## [ABOUT THIS EXERCISE]
Return the data below, unchanged.

## [SUPPLIED INFORMATION]
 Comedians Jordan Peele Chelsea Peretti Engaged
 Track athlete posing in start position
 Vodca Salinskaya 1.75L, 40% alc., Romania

## [SOLVED PROBLEM]
 Comedians Jordan Peele Chelsea Peretti Engaged
 Track athlete posing in start position
 Vodca Salinskaya 1.75L, 40% alc., Romania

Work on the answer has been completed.